LUÍS PAULO ROSENBERG

Como decorrência da implantação da estabilidade na economia brasileira, não só os dois/três próximos meses vão se tornando mais previsíveis: todo o próximo ano tem seus parâmetros básicos já definidos. Assim, a curto prazo, a atuação do governo ao longo do ano definirá mais variações em torno de um tema e será crucial para o médio prazo do plano.
Qual será, então, o cenário básico para 1996? Em primeiro lugar, paz nas contas externas. O mundo estará mais sereno em 96 do que esteve em 95. Isso é muito bom para o Brasil, que fecha suas contas externas na direção correta.
Após a recauchutagem da política cambial do Real, déficits transformaram-se em superávits, o que nos coloca na trilha de um saldo comercial que será suficiente para fecharmos o balanço de pagamentos sem financiamentos adicionais nem perda de reservas. Essa constatação produz duas implicações relevantes para a condução das políticas cambial e monetária: não há atraso cambial para ser recuperado nem necessidade de pagar juros atraentes para o capital financeiro internacional.
Internamente, o traço mais forte é o desaquecimento econômico.

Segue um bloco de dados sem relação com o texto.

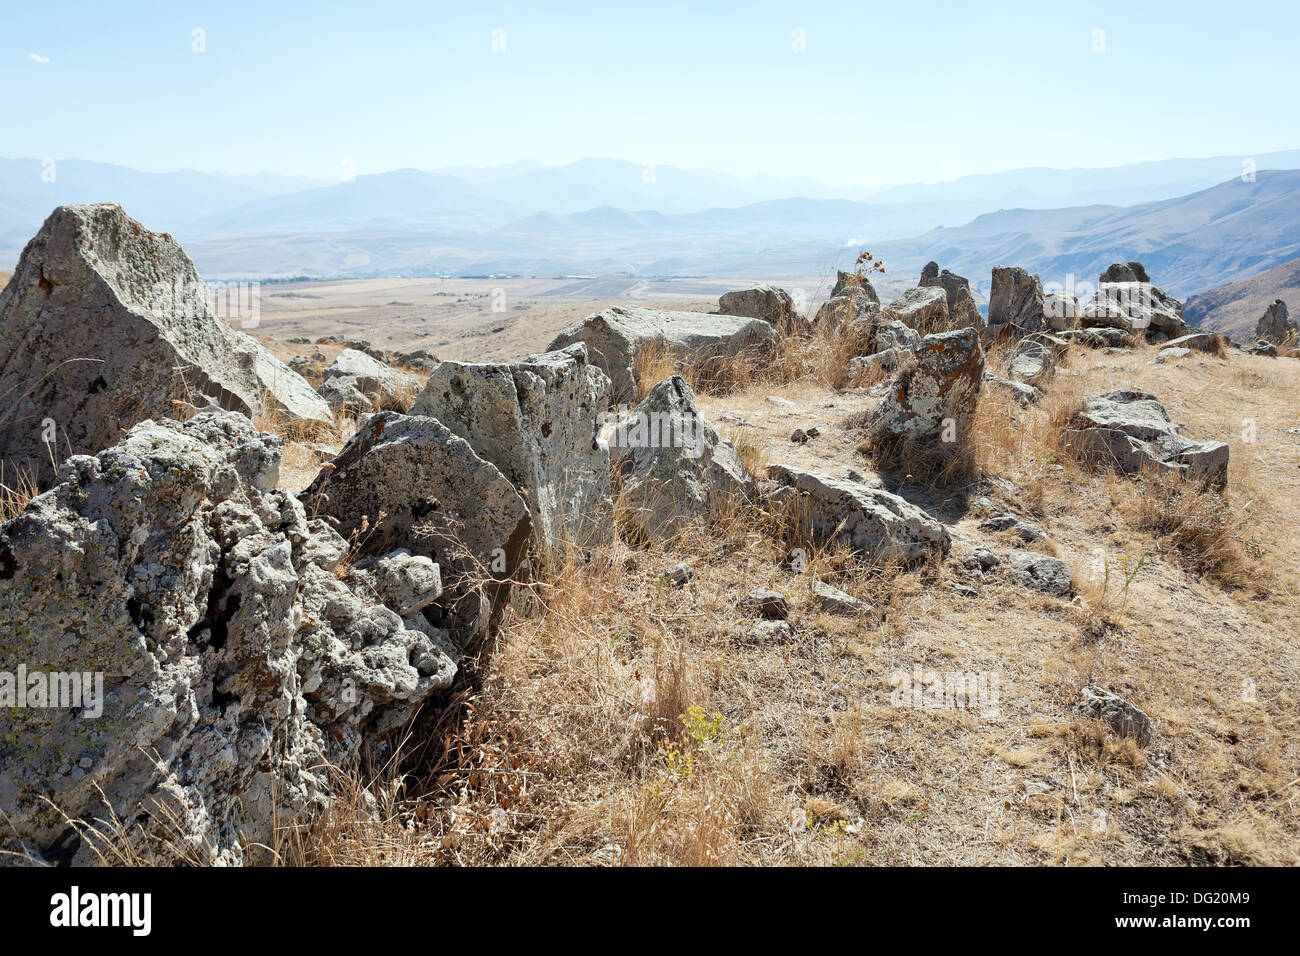 Menhire von Zorats Karer (Carahunge) - Vorgeschichte Megalith-Monument in Armenien Stockfoto

O degrau de queda da atividade econômica de abril para outubro deve ser dos maiores já observados no país. Decorrente do exagero no aperto monetário, a recessão provocada foi a principal causa da debilitação do sistema bancário e da falência de milhares de pequenas empresas.
Há indícios de que a atividade econômica, sazonalmente ajustada, teria se estabilizado nos últimos meses do ano. E é nesses níveis que entraremos em 96, com a agravante da sazonalidade. Infelizmente, por mais que se faça, 2% é limite superior da taxa de crescimento do PIB.

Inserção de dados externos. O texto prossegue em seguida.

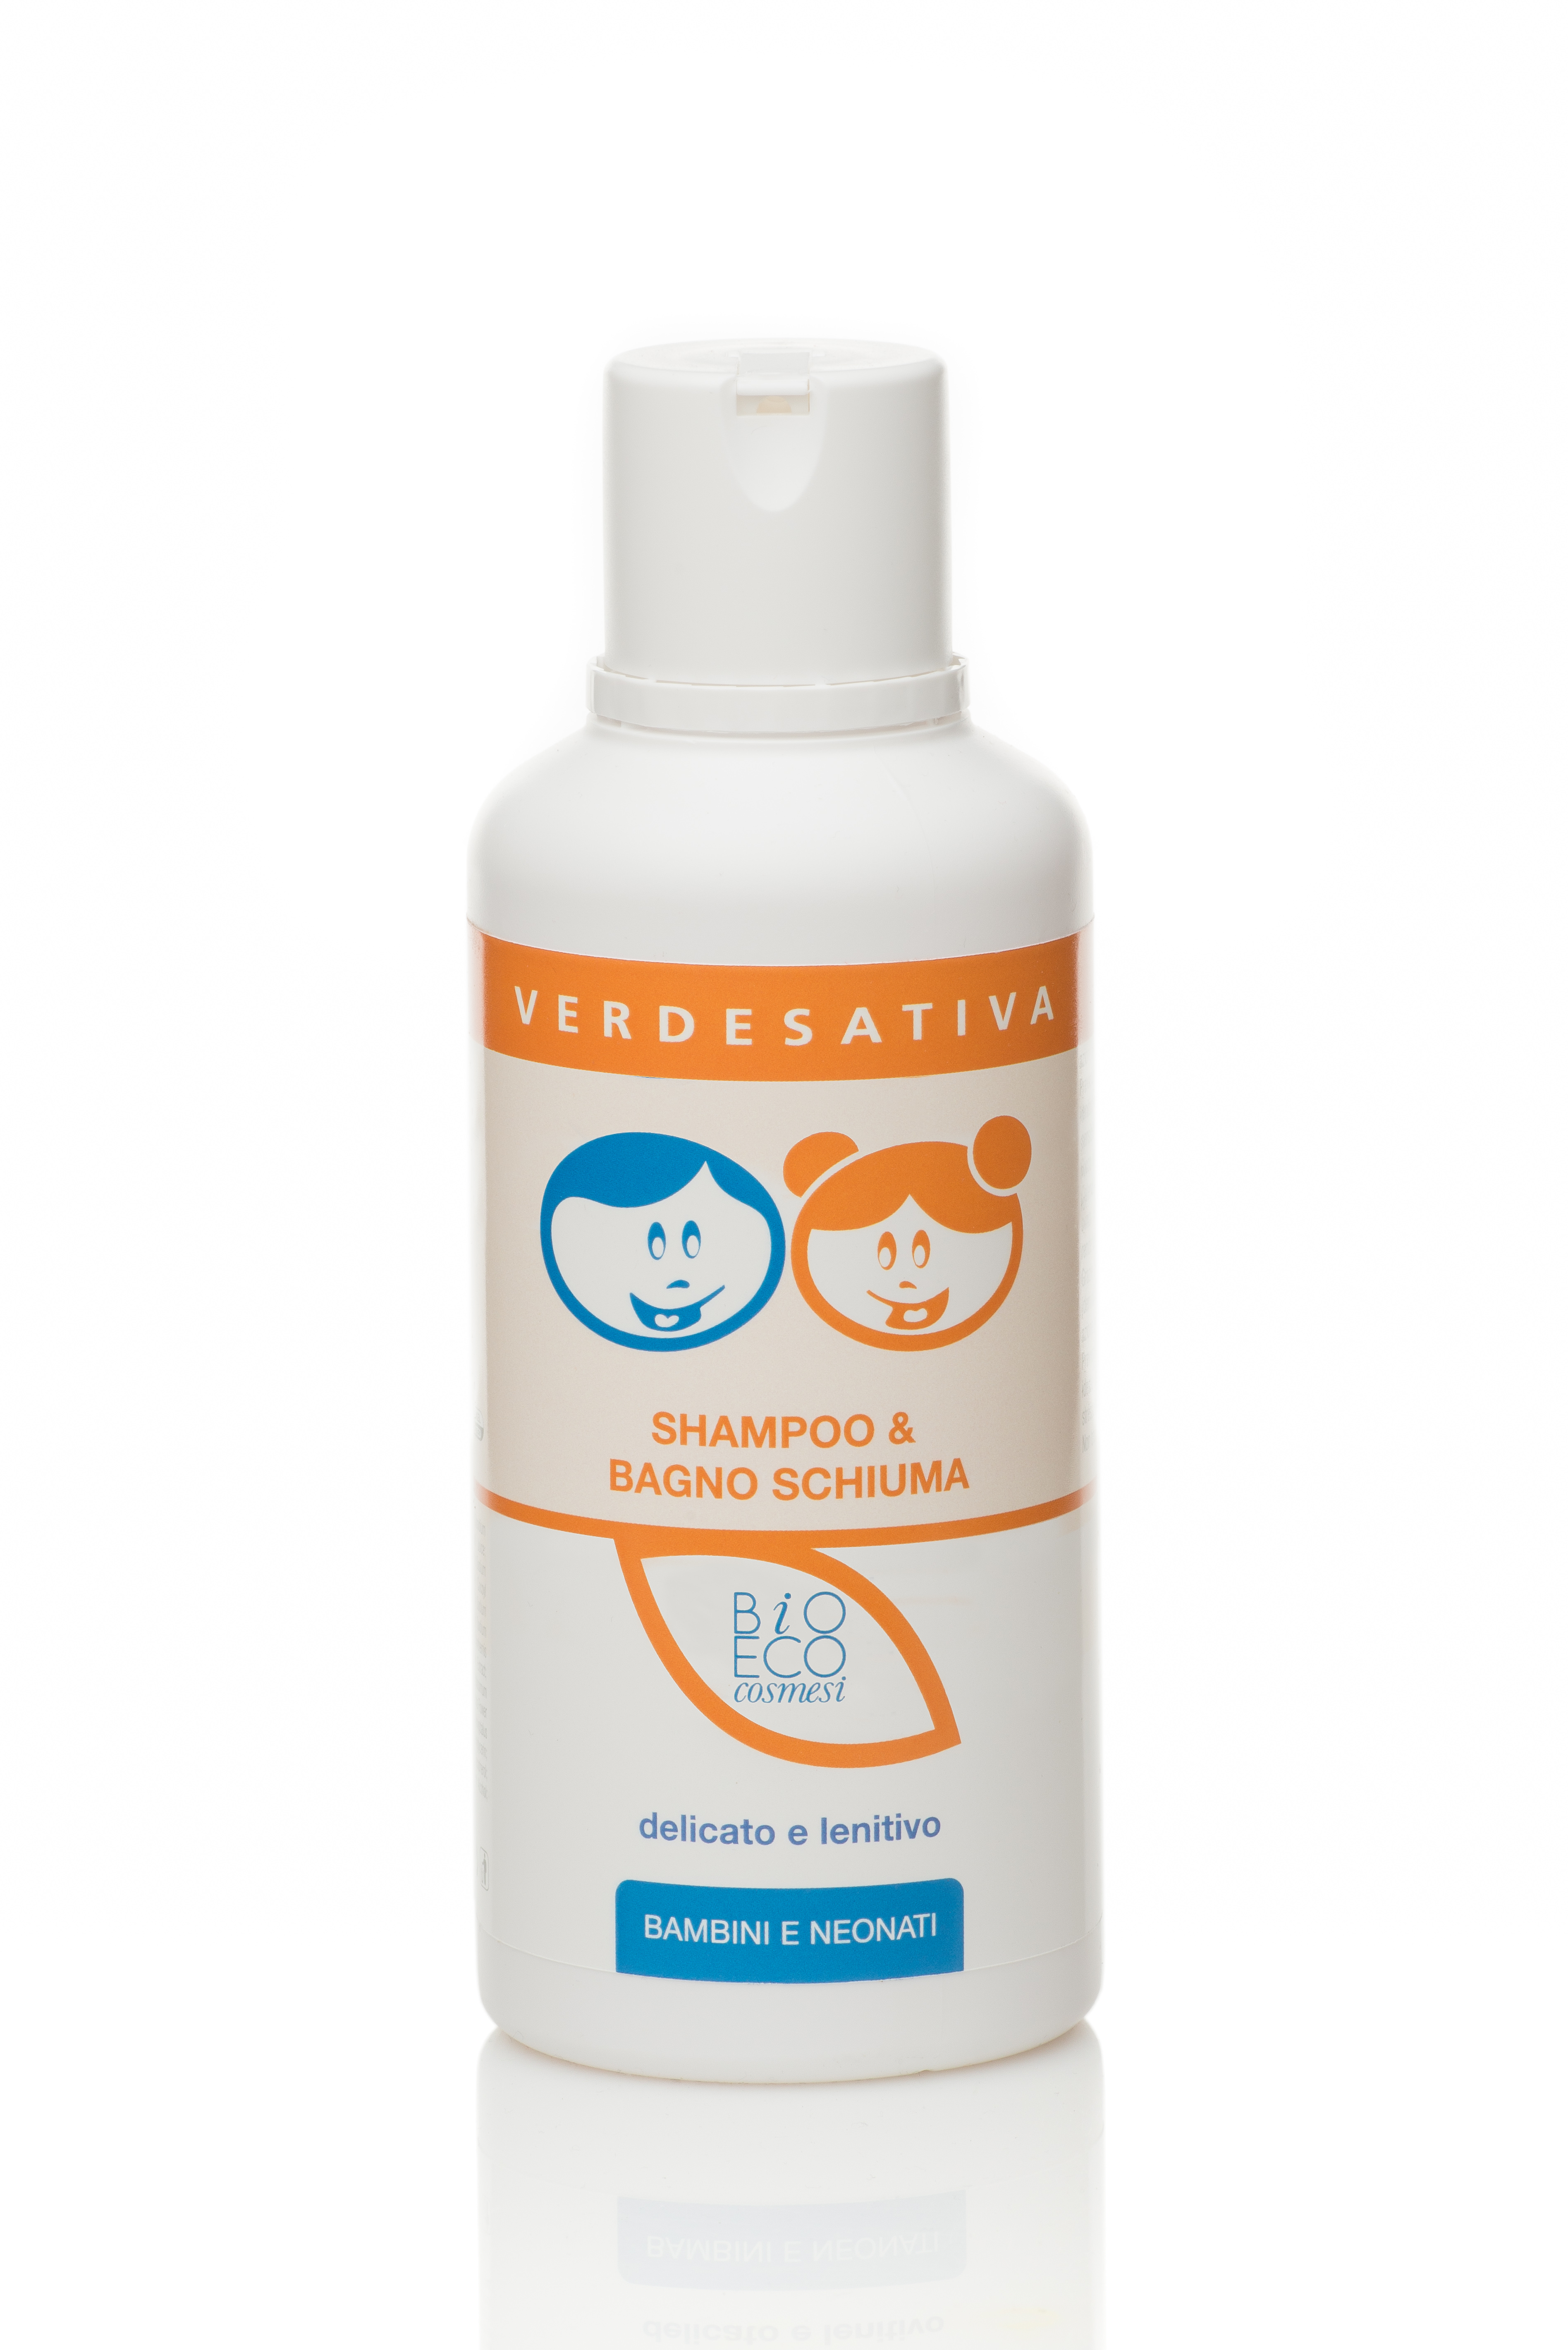 Baby Shampoo & Bagno Schiuma 100% naturale e bio degradabile - 500ml

Quanto ao front inflacionário, só boas notícias. Basta chover um pouco mais no Sul para a agricultura aderir à corrente da felicidade, que levará a taxa anual de inflação em 96 para algo próximo a 12%.
Quais as questões problemáticas para o quadro econômico em 96? Em primeiro lugar, é importante reconhecer que o Plano Real, apesar dos sucessos acumulados, está longe da irreversibilidade. Ele depende de vontade política para propor os ajustes modernizantes e redutores do "custo Brasil" e de condições objetivas de aprovar tais propostas. Infelizmente, a demonstração de incompetência federal nessas áreas é desanimadora.
O destaque inicial é para o déficit do setor público observado em 95. Nunca se fez tanto déficit, em tão pouco tempo, por tão poucos dispostos a assumir a responsabilidade pelo estrago. Temos um presidente chegado a um gasto público e um Banco Central que vai para o "overkill" do setor privado como compensação.
Quanto à competência para tocar reformas, quem inspecionar o desempenho de FHC no Congresso durante o primeiro semestre necessariamente concluirá que nunca se avançou tanto naquela casa na execução da vontade presidencial.
Entretanto, os dois últimos meses, marcados pelas crises do Sivam e da "pasta rosa, comprometeram a imagem do governo profundamente. Quebrou-se o encanto que o fazia imbatível no Congresso, porque invulnerável.
Finalmente, a última ameaça latente ao Real. Por mais que torçamos, há uma crise bancária pairando sobre a economia.
As quebras ocorridas trincaram o cristal da credibilidade no sistema. O nível de inadimplência elevadíssimo e em alta no próximo trimestre joga álcool no fogo. A manutenção inexplicável de juros corrosivos liquida esperanças de devedores à beira de um colapso financeiro. E a elogiável determinação do Banco Central de abortar a crise bancária pode ficar comprometida pelo esvaziamento político do presidente e pelos ataques injustamente dirigidos por políticos aos diretores do banco.
É natural, pois, a conclusão final: o plano está bem, nada de errado lhe acontece que não possa ser revertido. O cenário macroeconômico de 96 está definido, em suas grandes linhas, e é menos volátil do que foi em 95. Entretanto, questões bem graves se colocam para o próximo ano.
Ao se aproximar a hora da verdade, temos que reconhecer que o inimigo está mais bem escalado do que o governo. Condições para virar o jogo o presidente tem de sobra. Vontade, determinação, estabilidade emocional e objetividade, suporte de suas origens políticas, falta provar. Esse é o tema principal com que lidaremos em 96.